Facebook will now time how long users spend on a site before returning as a way of gauging the value of content

First published in National News © by

Facebook has announced plans to cut down on "click-bait" articles that appear on user news feeds, as the company says it wants to tackle spam on the site.

"Click-bait" refers to articles that encourage the reader to click a story to see more, without telling them exactly what they will see. Common headlines include "you won't believe what happened next" and similar vague suggestions to draw in users.

Facebook will now time how long users spend on a site before returning to it as a way of gauging the value of content.

According to the social network, users have been telling it that these stories are being given too much presence on news feeds and Facebook has moved to change that.

The site's algorithm currently pushes stories that receive more clicks up a feed and Facebook has admitted users felt content from friends and family was being "drowned out".

In a post on the company's blog, Facebook's Khalid El-Arini and Joyce Tang outlined how the social site will start to tackle "click-bait" stories.

They say: "One way is to look at how long people spend reading an article away from Facebook. If people click on an article and spend time reading it, it suggests they clicked through to something valuable.

"If they click through to a link and then come straight back to Facebook, it suggests that they didn't find something that they wanted.
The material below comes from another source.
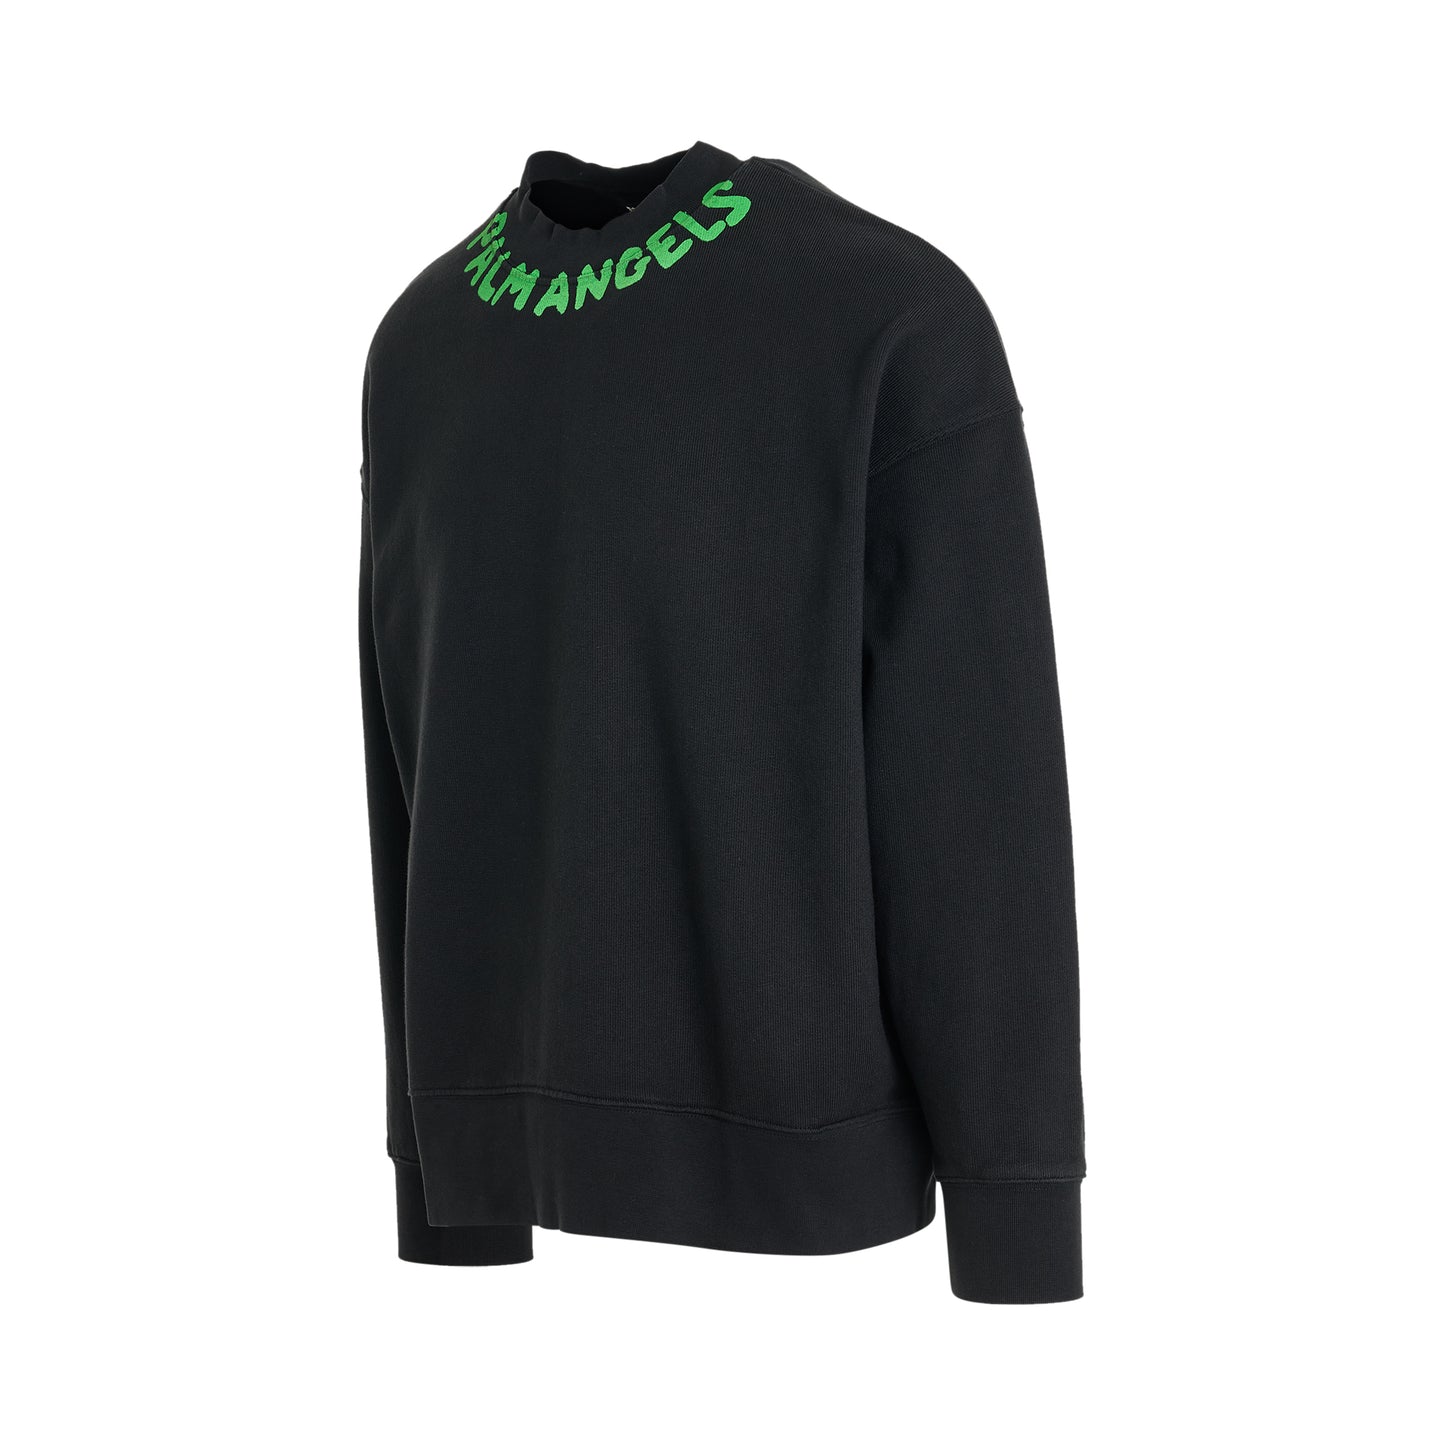 Seasonal Logo Crewneck Sweater in Black/Green

"With this update we will start taking into account whether people tend to spend time away from Facebook after clicking a link, or whether they tend to come straight back to news feed when we rank stories with links in them."

Facebook also said it would use the number of comments and shares a story received as part of the judgement.

The post said: "Another factor we will use to try and show fewer of these types of stories is to look at the ratio of people clicking on the content compared to people discussing and sharing it with their friends.

"If a lot of people click on the link, but relatively few people click 'like', or comment on the story when they return to Facebook, this also suggests that people didn't click through to something that was valuable to them."

The social network, which has more than one billion monthly active users, said that a recent survey found 80% of the time users preferred headlines that gave them more information about an article before they clicked on it.